Another reason why the cored are so feared is due to the second change that binding a core brings about, core evolution. Each time that a core goes through a number of cycles determined by its type, it gains the ability to mutate into something stronger.
After reaching the final cycle and meeting conditions unique to each variant, cores can evolve and reach a higher stage. This process isn’t well understood, despite a staggering amount of time and money spent analyzing it from the outside.
While the details are murky, there are some rules that apply to all known cores. Uncored individuals are limited to two skill slots. When a person binds a stage-zero core they gain one more, and that is only the beginning. Evolving to the next stage increases the skill slots on the core by a number equal to its new stage plus one, allowing for complex and synergistic skillsets. Additionally, every time that a core reaches the next stage, it grants more attribute points per cycle and its ultimate becomes more powerful.
Ultimate abilities are the third and final power granted by cores.

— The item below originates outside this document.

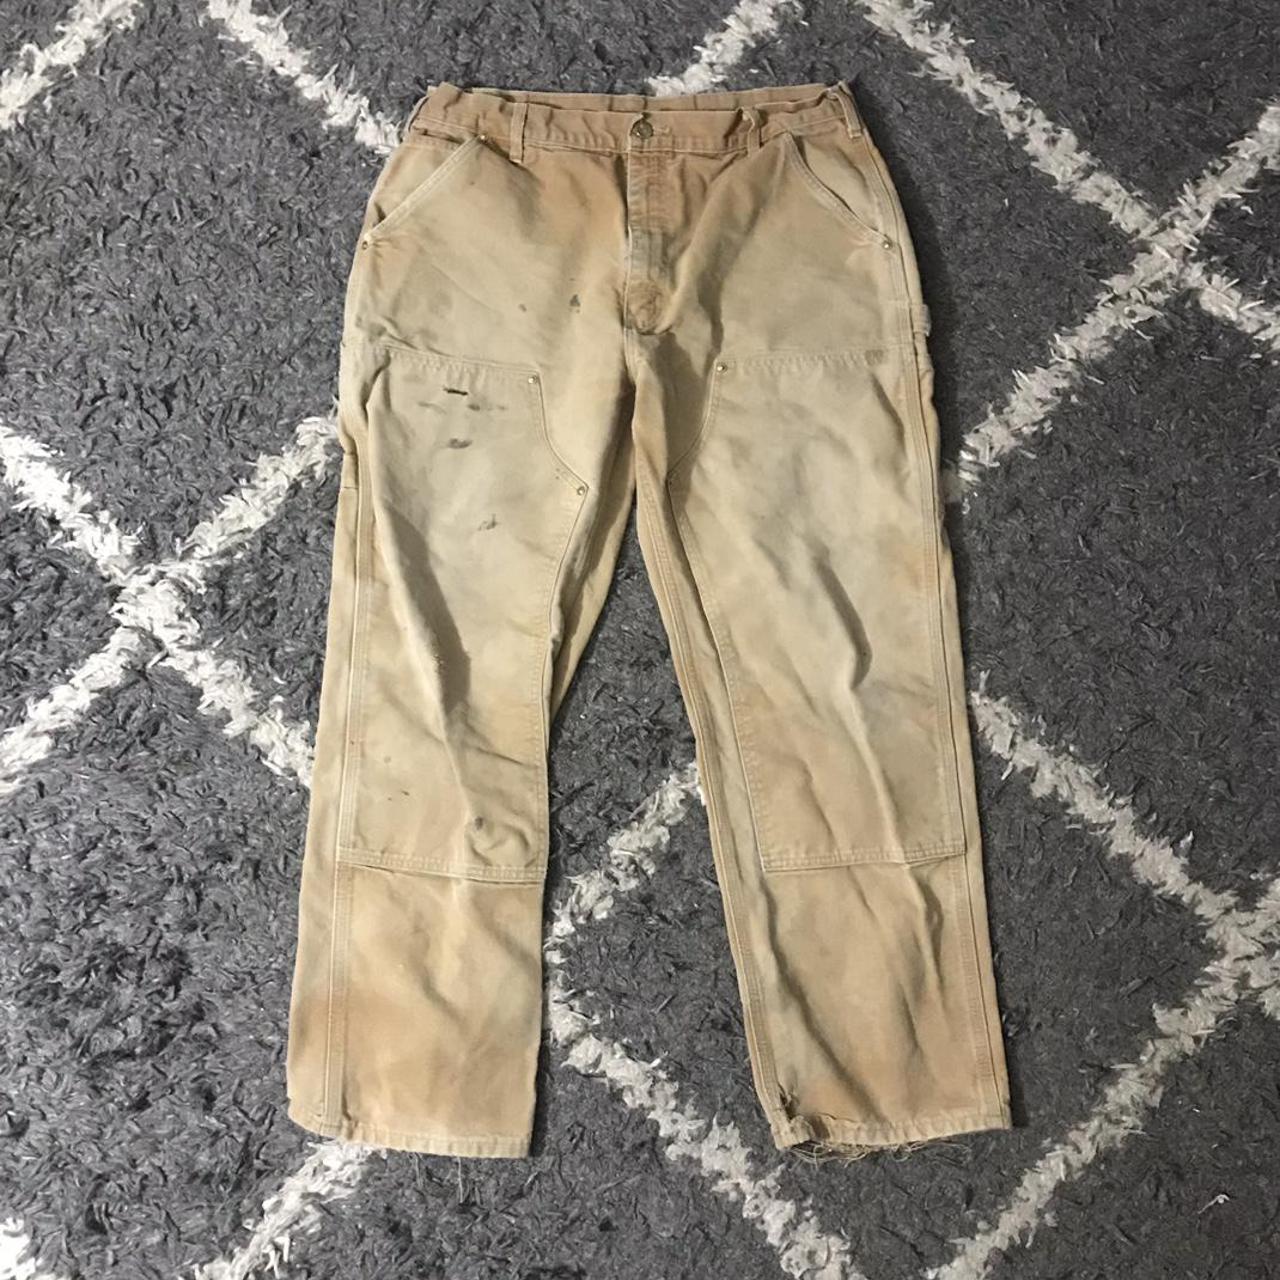 Carhartt Men's Tan and Brown Trousers (3)

They come in two broad categories, active and passive abilities. Active ultimates are more powerful in any given moment but have limitations on their use. Passives are always on, and thus utterly reliable under any circumstances.

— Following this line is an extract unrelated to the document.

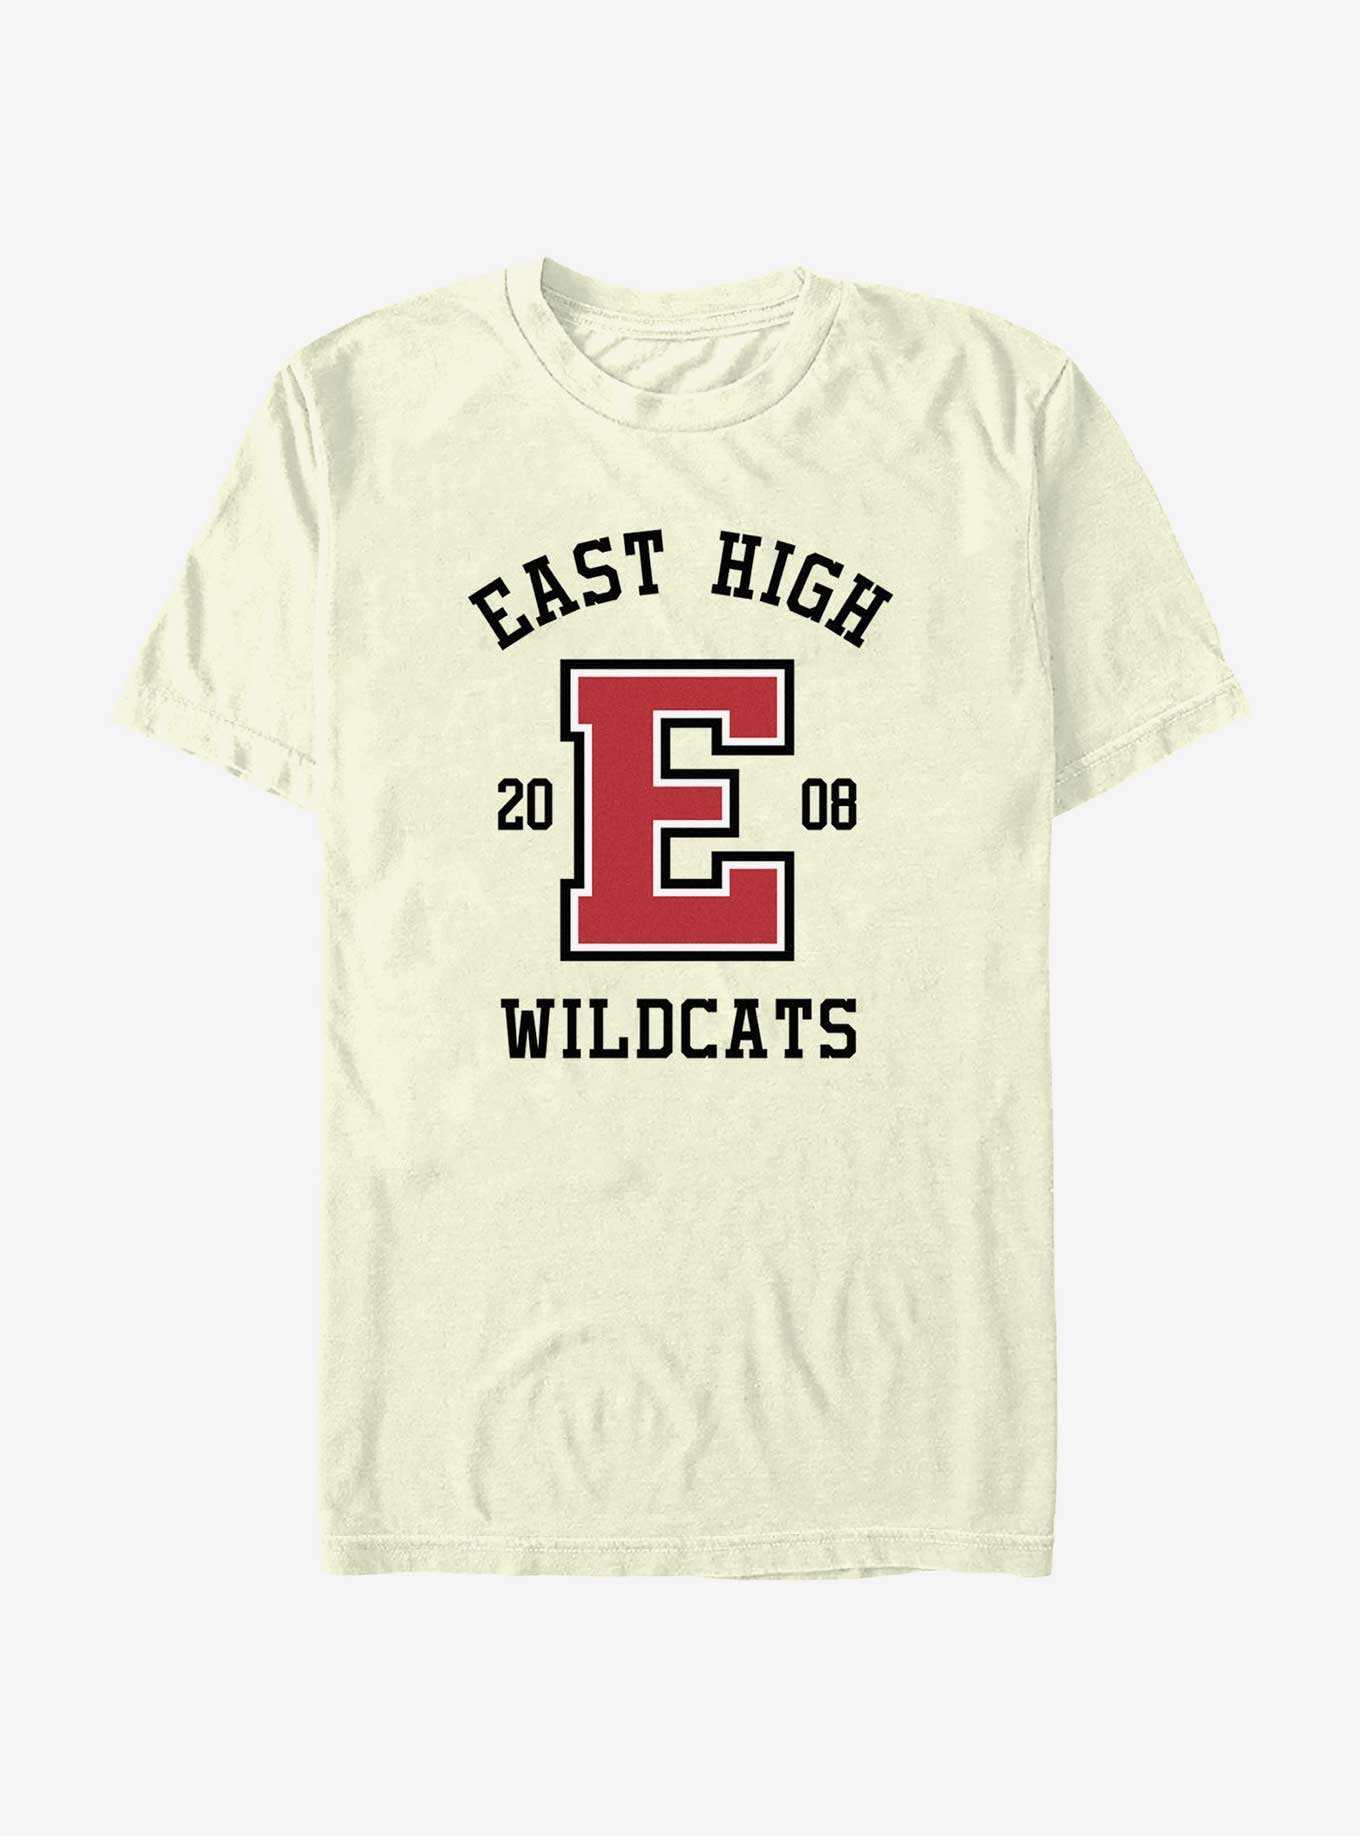 High School Musical East High Wildcats 2008 T-Shirt, , hi-res

The exception to this dichotomy is the variant known as basic cores. Basic cores have no ultimate abilities unless they evolve into another type at later stages. But that doesn’t mean they are worse than rarer cores. Basic cores grant an extra attribute point per cycle and have less restrictions for completing each stage.
As any fan of the feed knows well, some of the most dangerous people on Ord started off with a basic core.
Taking all of that into account, Edge needed to find a way to make his skillset seem normal, starting with which powers he would choose to reveal. Since how he obtained skills and ranked them up was completely unique, he had to come up with a plausible way to conceal the truth.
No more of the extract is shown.